As far as the Surly rings, as asterisk said, it's fine with the larger rings. I first had the 3/32 8-speed chain on the 36 ring and never noticed anything funny. It was only when I got to the 32 tooth ring did it not wrap well. Then I looked closed at how it wrapped the 36 and it wasn't perfect, but I never noticed when riding it. The teeth are so tall that it masked the problem.

But at the same time, that's the beauty of the Surly rings for SS use... they're very tolerant of chain tension issues, etc. I still think the 1/8 is the way to go, but that's just me.

As far as your crank, you never mentioned before which FSA model you have and which BB you have. Do you happen to know? This will help, because that will determine what/if you can change small parts in your setup (like spacers in an external bearing system) or need a new BB, etc to get the chainline you need.

As far as hub, I'm not sure it's that crucial to go with 130 or 135. Some may know better than I, but there are other things you can do with the front ring (mount it on the inside of the spider, on the outside, use small spacers) to get what you need. There are options that don't have to cost you much more $$.


----------



## ShadowsCast (Oct 16, 2008)

The bottom bracket is the Shimano Deore LX, #BB-UN54, 68x113mm according to the Surly site, and the crank set has rubbed off the crank arms, but it still says FSA on the arm, and on the website it says Andel for the model, and "Forged arms, Silver aluminum, granny ring compatible. 110mm BCD rings, 36 & 48t, ramped and pinned, Black" for the description. I guess that answers the question about which "BCD" my rings need to be.


----------



## asterisk (Oct 21, 2003)

If you haven't built up the hub I'd ebay the hub and buy a 130mm to avoid having to adjust your crank to match the chainline of the 135mm hub.

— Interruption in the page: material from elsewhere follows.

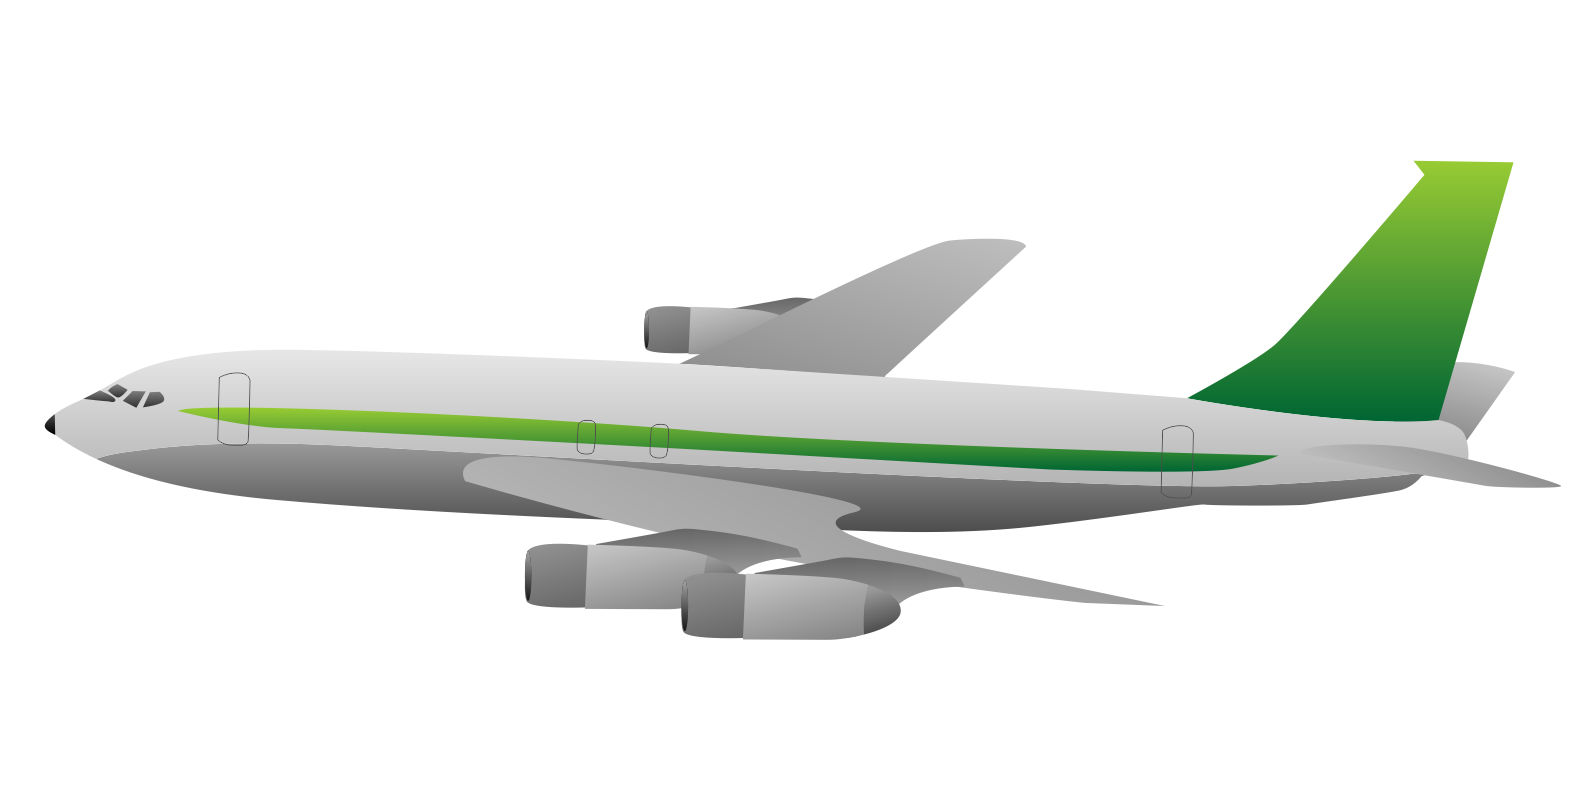 Avion PNG - 160377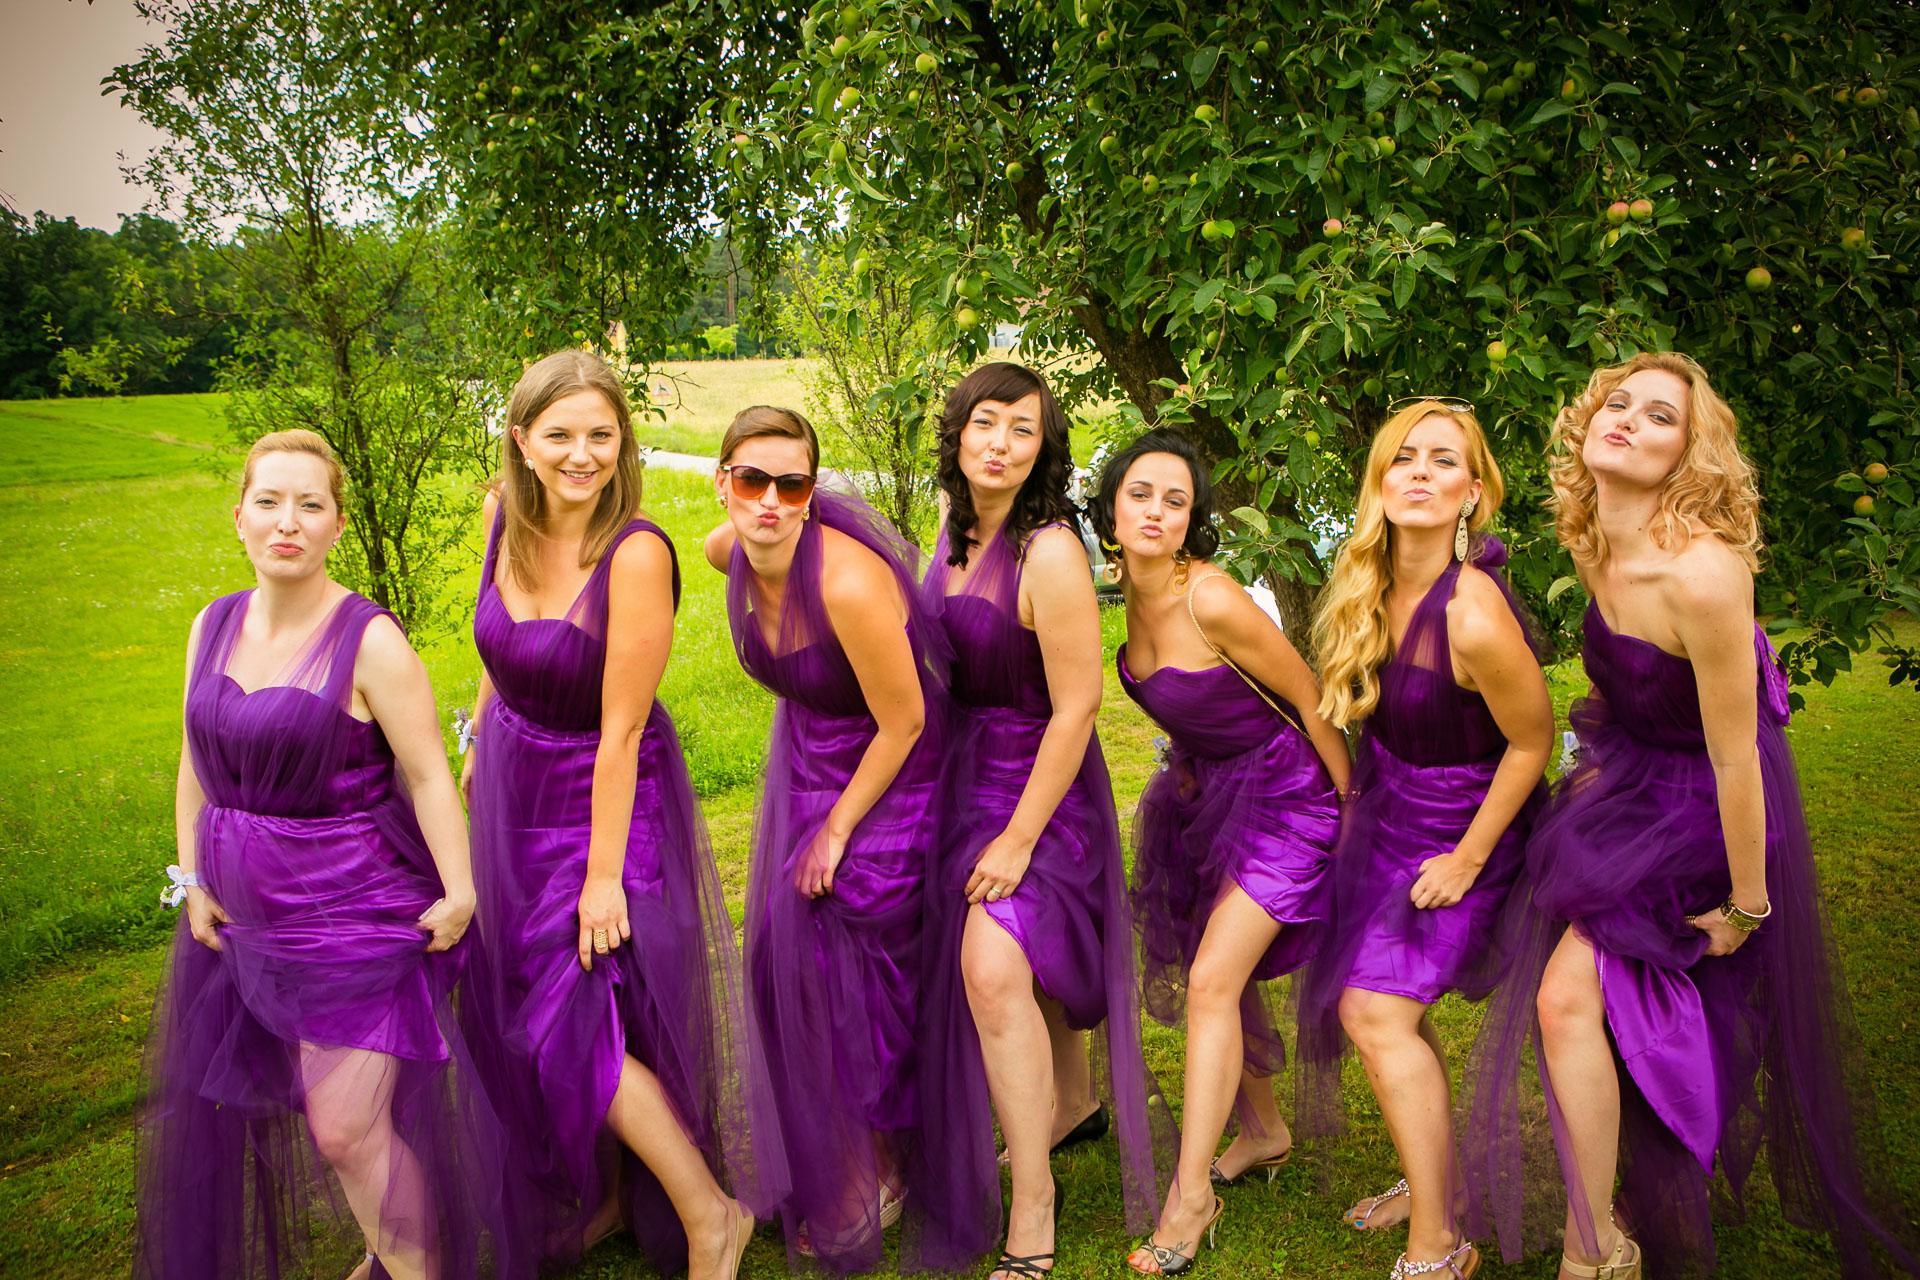 Foto zate, photoforyou, canon, canon_photos, canonglobal, fineartweddings, weddinginsp, fineartbride, weddingdream, realwedding, weddingphotomag, hochzeitinspiration, weddingideas, hairaten, vintagewedding, vintagehochzeit, bride2018, braut2019, wedding2019, hochzeit2018, hochzeit_gluck,

Read through Sheldon Brown's chainline page to get an idea of what you are dealing with. It explains finding rear chainline, front chainline, etc... just make sure to read/skim the whole page as it has charts that help you find chainline measurements for certain hub/freewheel combos.


----------



## cyklopath (Feb 24, 2007)

Interesting to me that the frame has 'Gnot-rite' spacing to allow running either width hub........


----------



## Howzitbroke (Jun 1, 2005)

Get a 135 hub, Surly is great even compared to Paul or Phil, certainly considering the price. 42 for the front chainring is usually a good starting point, with 17 or 18 for the rear freewheel. From there get the feel of what exactly you will need. then get an ENO. They simply rule. What is the BCD of your crank, most road are 130mm, compact road are 110 which is better of SS options. If you have 110 look for BMX 110 rings on Ebay, you can get nice FMF rings for $12. My favorite chain is the KMC Z 610 HX, or dropbuster. HEAVY duty and cheap. Kool chains are good too.


----------